Jose Ventura-Reyes applied for protection under the Convention Against Torture (CAT).  He feared torture in the Dominican Republic because: (1) a politically influential Dominican family believed that he was responsible for the murder of their patriarch in the Dominican Republic; and (2) he was an informant for the U.S. Drug Enforcement Administration, allegedly resulting in the arrests of members of the drug-trafficking Gonzalez Molina family, which would seek revenge against him.  At the time of the death of the patriarch's death in the Dominican Republic, the Dominican authorities responded to the scene of the event (which involved multiple members of two families involved in a violent altercation) and intervened to end the confrontation.  Over the years following the events in the Dominican Republic, Ventura-Reyes returned to the Dominican Republic several times without ever being harmed.  His wife traveled several more times to the Dominican Republic and was never harmed.  The Immigration Judge denied his application for CAT protection, and the Board of Immigration Appeals affirmed.

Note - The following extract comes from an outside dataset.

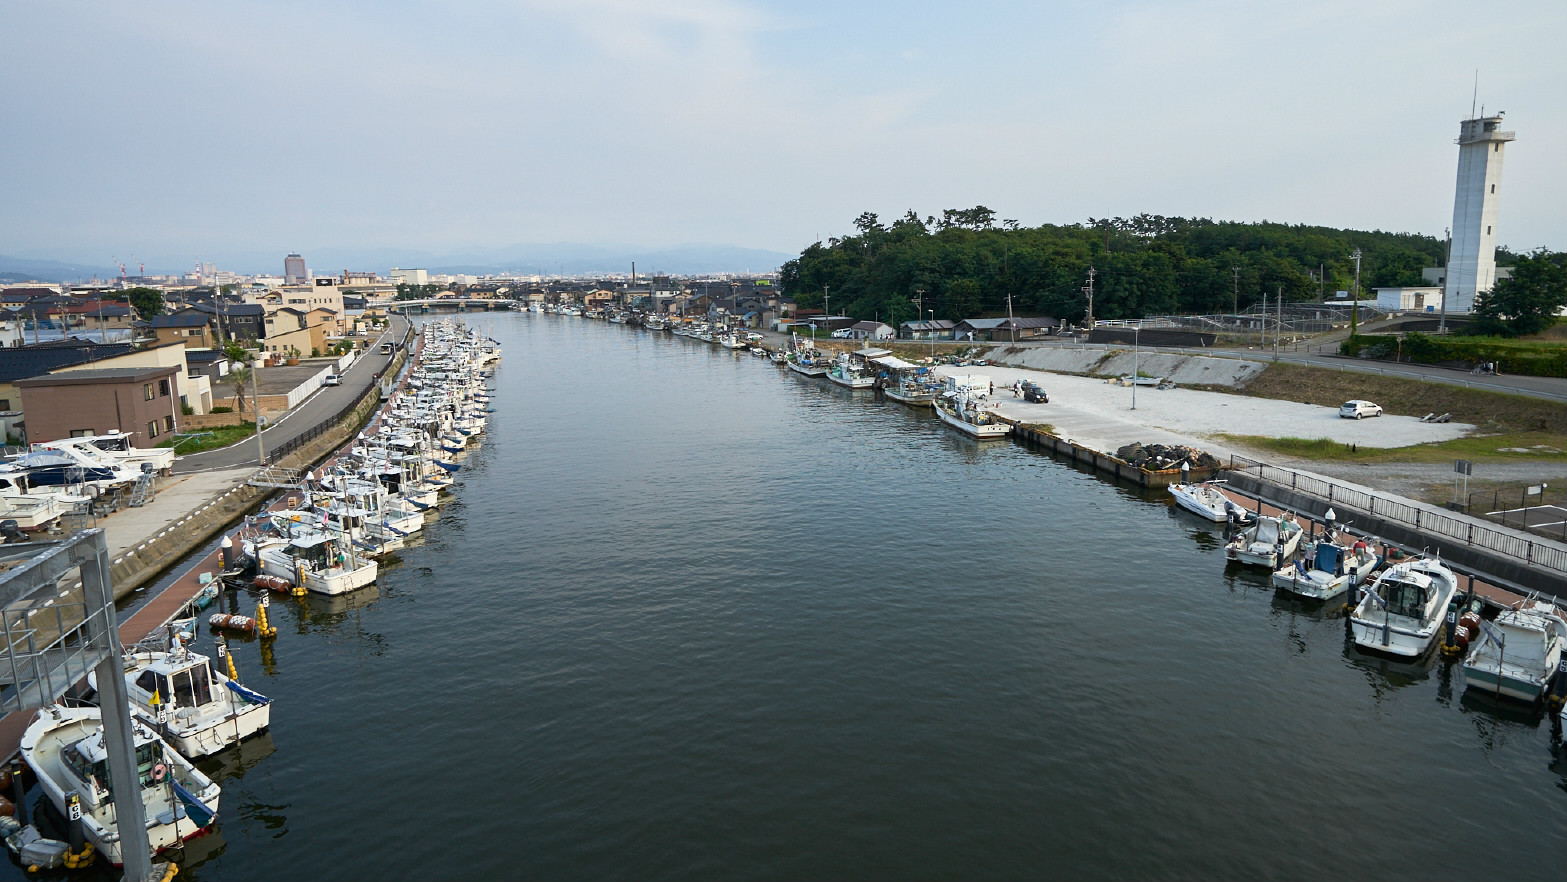 Port of Ono, courtesy of the Kanazawa Tourism Association

On appeal, the Sixth Circuit first addressed its jurisdiction over Ventura-Reyes' case, and determined that because he was removable as a criminal alien, they had limited jurisdiction over his appeal, even though he was not charged with deportability for his criminal offenses.  Thus, the court would only have jurisdiction over constitutional claims and questions of law.  The court then affirmed the Immigration Judge's credibility determination with reference to Ventura-Reyes' witness, determined that Ventura-Reyes' challenge to an evidentiary ruling did not implicate a constitutional claim (and thus, was outside its jurisdiction to consider), and dismissed his challenge to the Immigration Judge's interpretation of the requirement of government acquiescence.